» **PROBLEM DESCRIPTION**
Print exactly the lines of the listing below from the one containing "ペナルティりんご韓国語(クンバ) KUUMBA『incense』(Sunday Morning)" through the final line, both included, and no pictures.

» **SUPPLIED INFORMATION**
◆ ◆ ◆
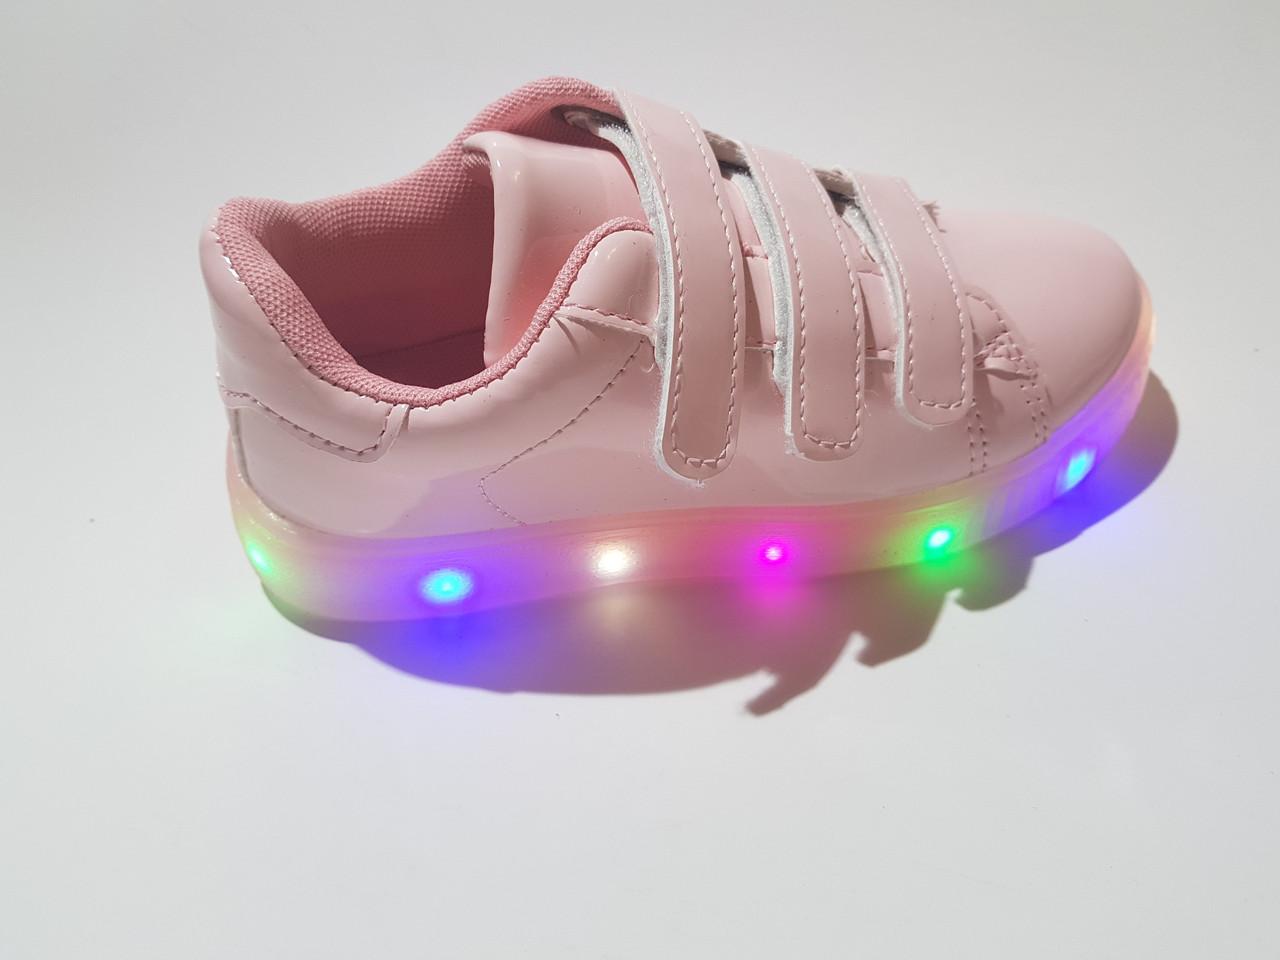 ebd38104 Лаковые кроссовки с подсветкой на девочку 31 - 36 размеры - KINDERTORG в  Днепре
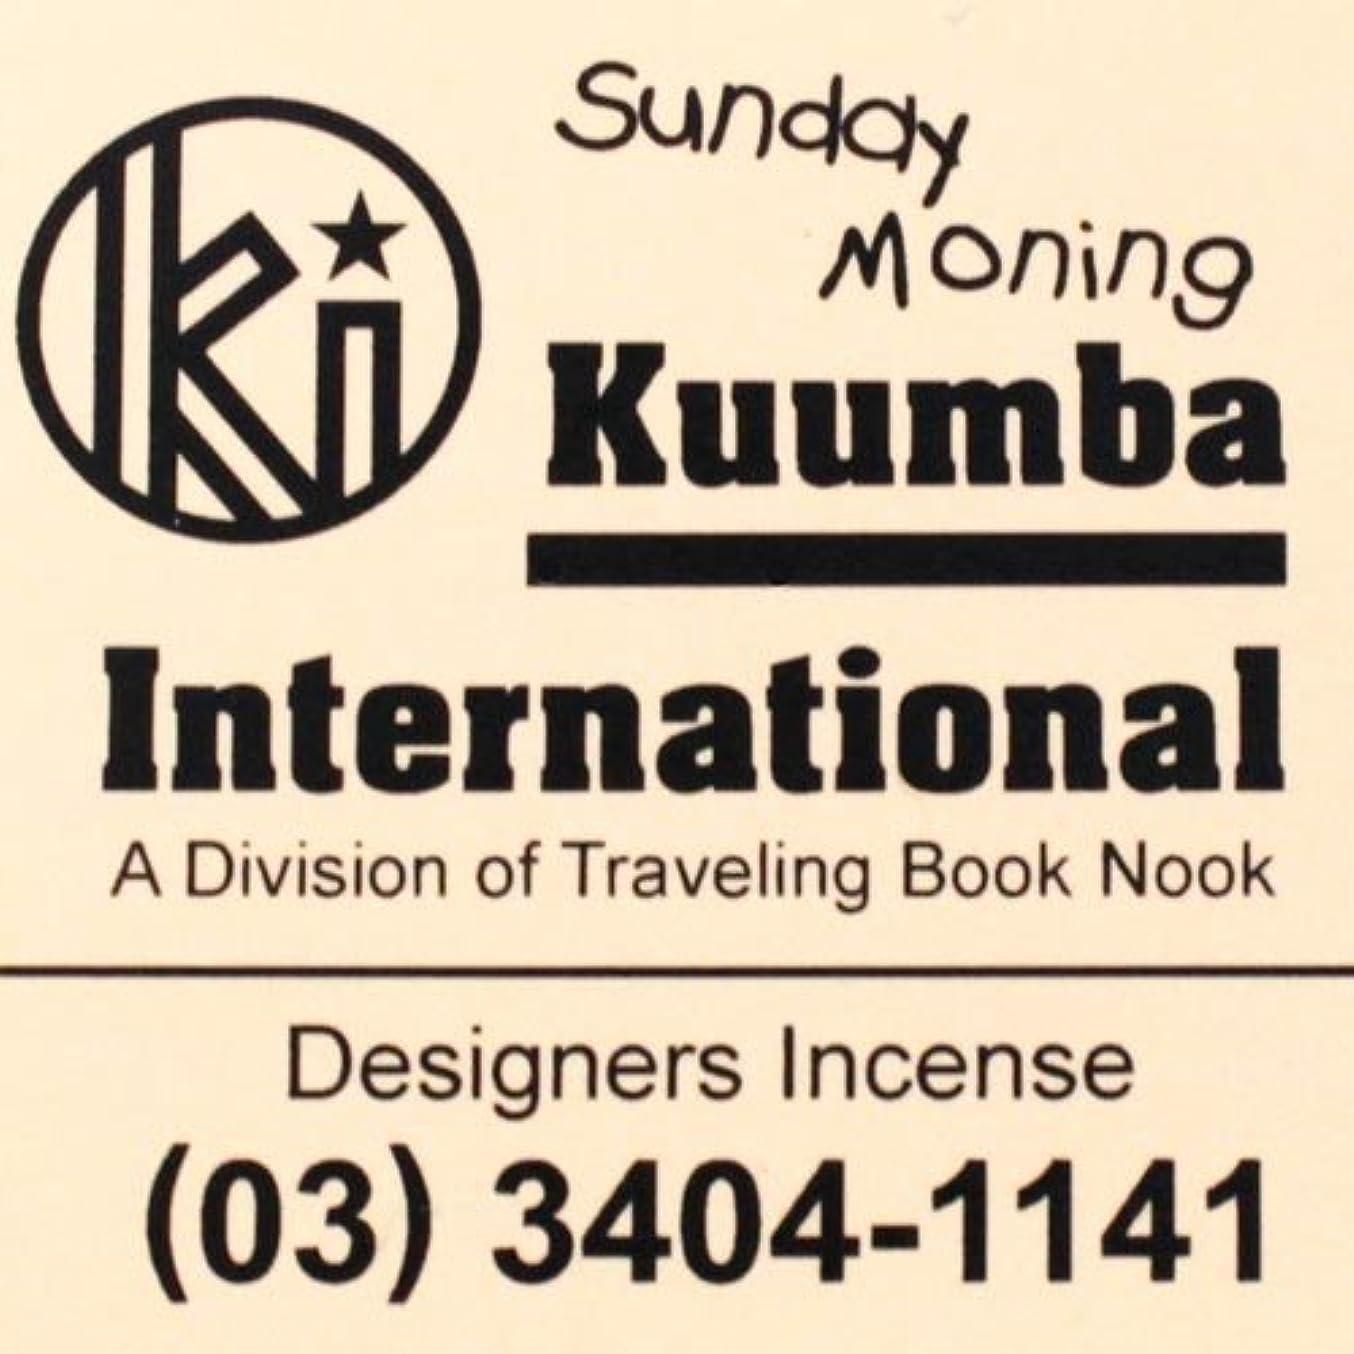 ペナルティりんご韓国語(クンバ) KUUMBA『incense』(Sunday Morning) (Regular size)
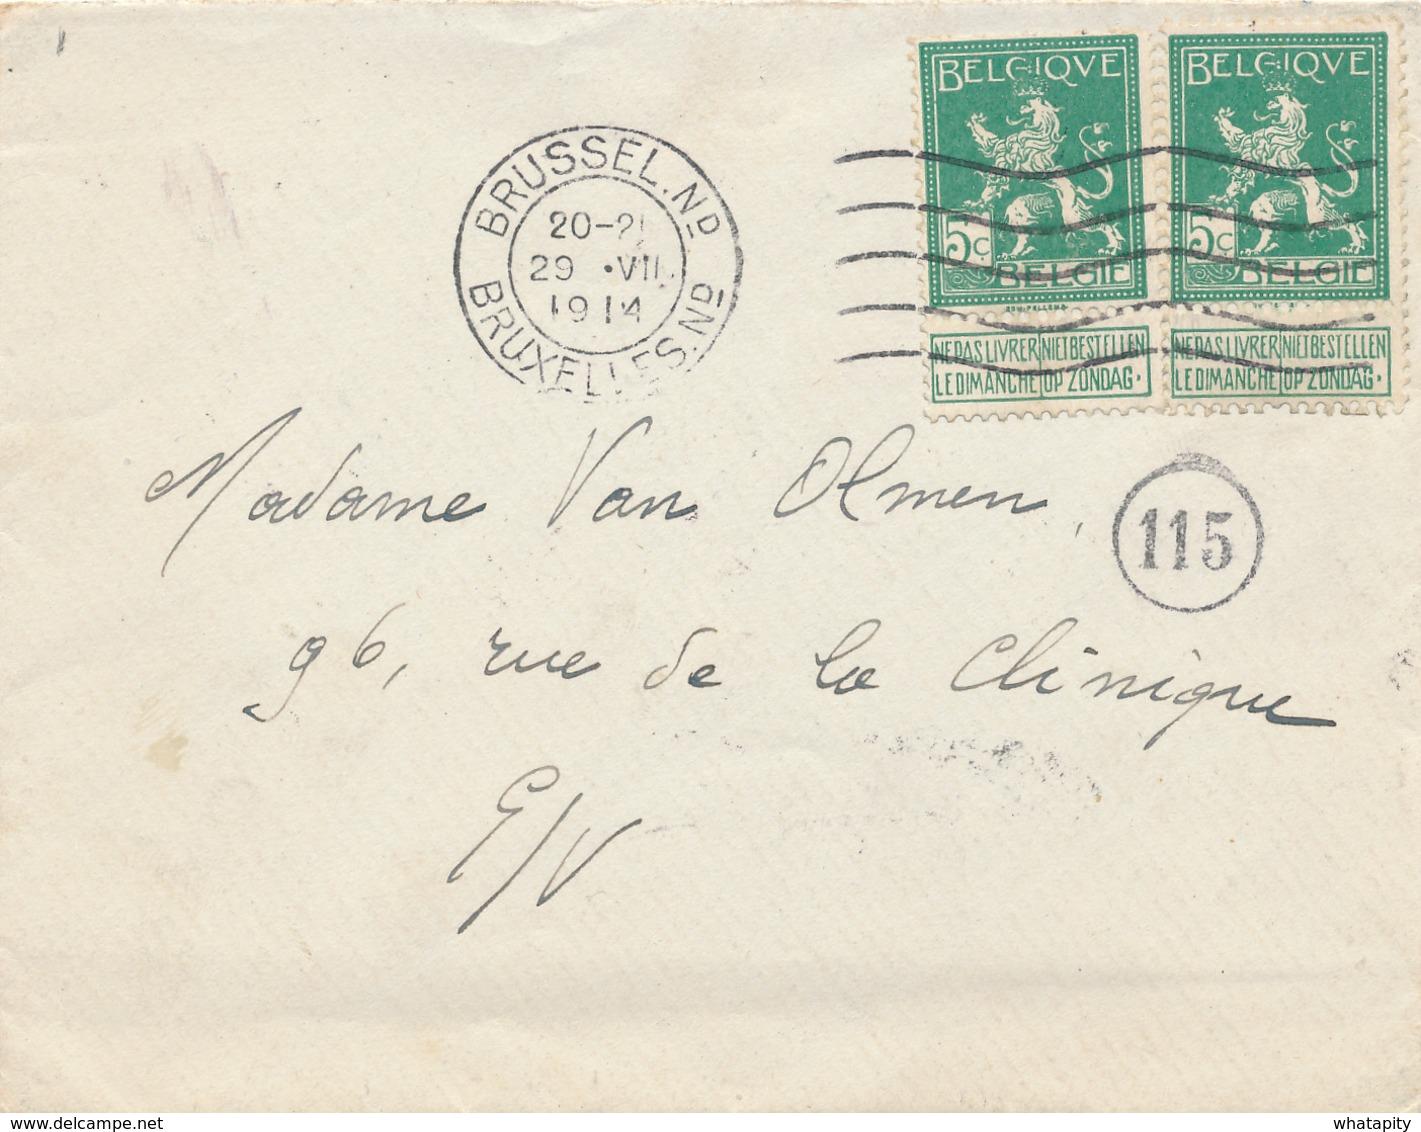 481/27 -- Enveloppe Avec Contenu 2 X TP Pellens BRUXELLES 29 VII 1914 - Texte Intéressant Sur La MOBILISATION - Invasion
◆ ◆ ◆
» **EXERCISE ANSWER**
 ペナルティりんご韓国語(クンバ) KUUMBA『incense』(Sunday Morning) (Regular size)
 481/27 -- Enveloppe Avec Contenu 2 X TP Pellens BRUXELLES 29 VII 1914 - Texte Intéressant Sur La MOBILISATION - Invasion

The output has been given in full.